*EXERCISE DATA*.
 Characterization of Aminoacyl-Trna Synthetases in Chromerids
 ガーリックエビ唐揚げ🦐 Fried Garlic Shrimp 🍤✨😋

==

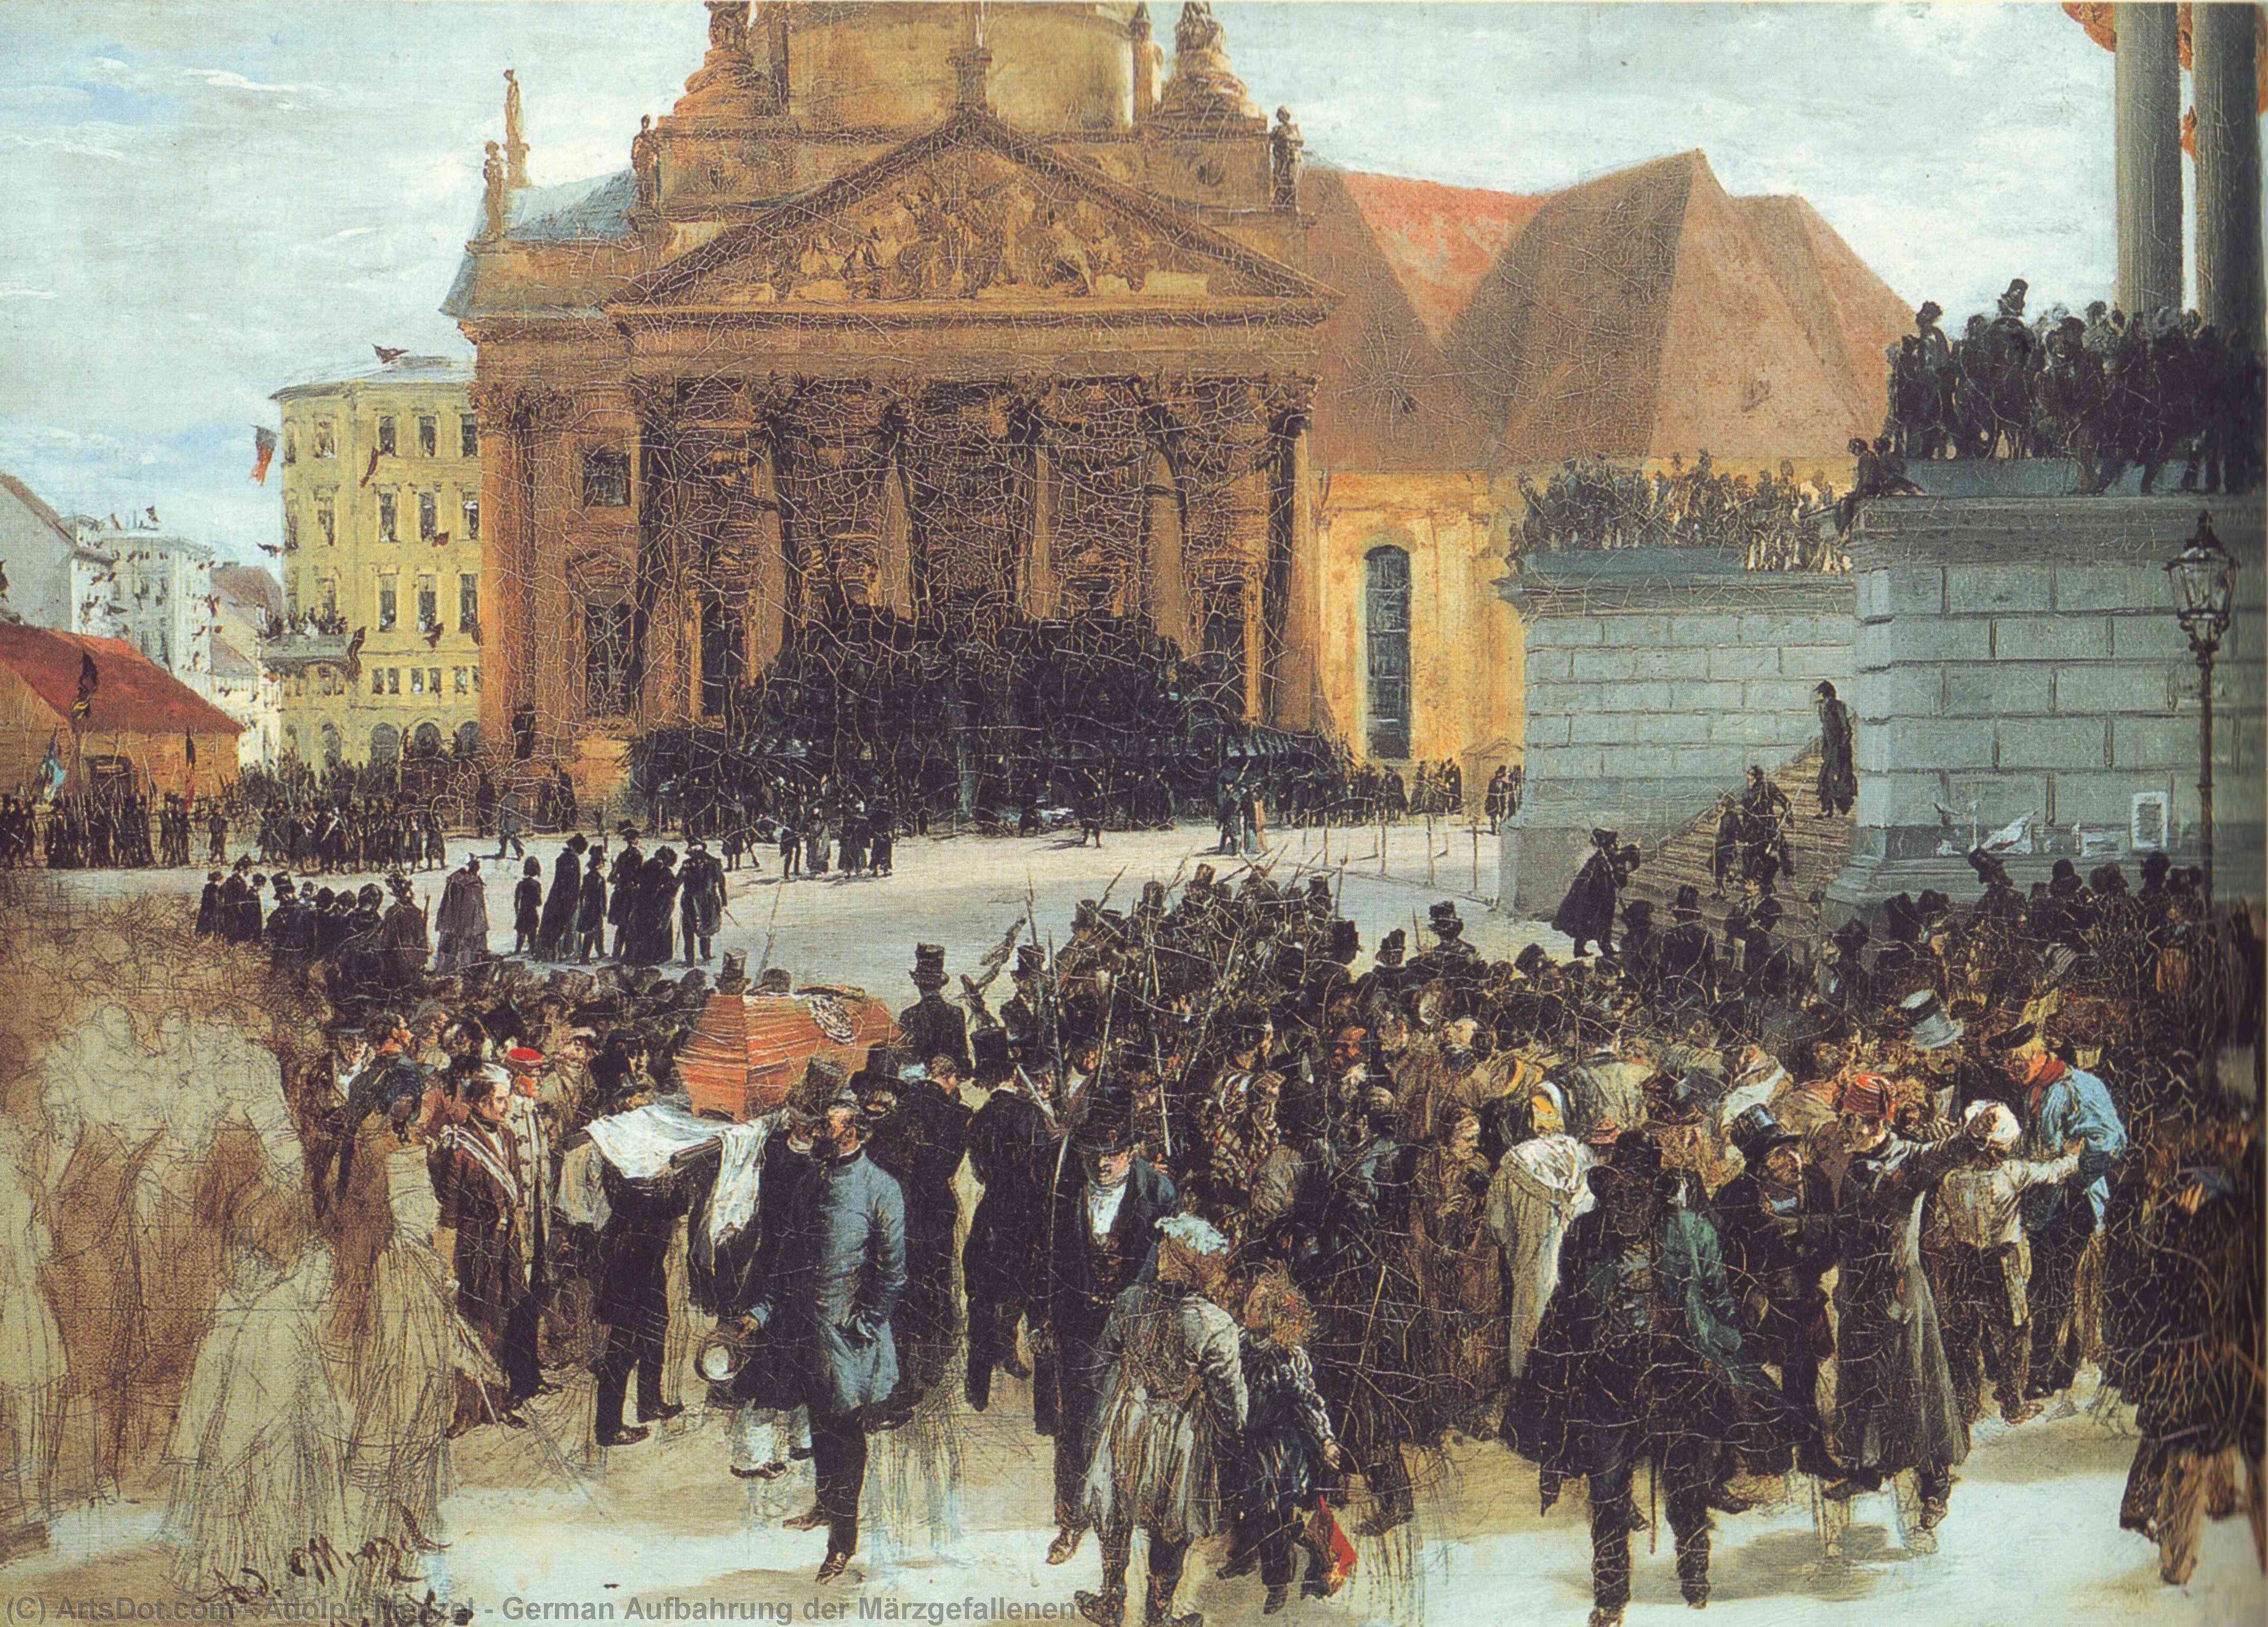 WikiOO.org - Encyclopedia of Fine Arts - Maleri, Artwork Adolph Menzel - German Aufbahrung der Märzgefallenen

*REQUIRED WORK*. Of all the entries above, repeat only the lines from the line that has "Characterization of Aminoacyl-Trna" to the line that has "ガーリックエビ唐揚げ🦐 Fried Garlic Shrimp 🍤✨😋", both lines included, exactly.

*ANSWER SPACE*.
 Characterization of Aminoacyl-Trna Synthetases in Chromerids
 ガーリックエビ唐揚げ🦐 Fried Garlic Shrimp 🍤✨😋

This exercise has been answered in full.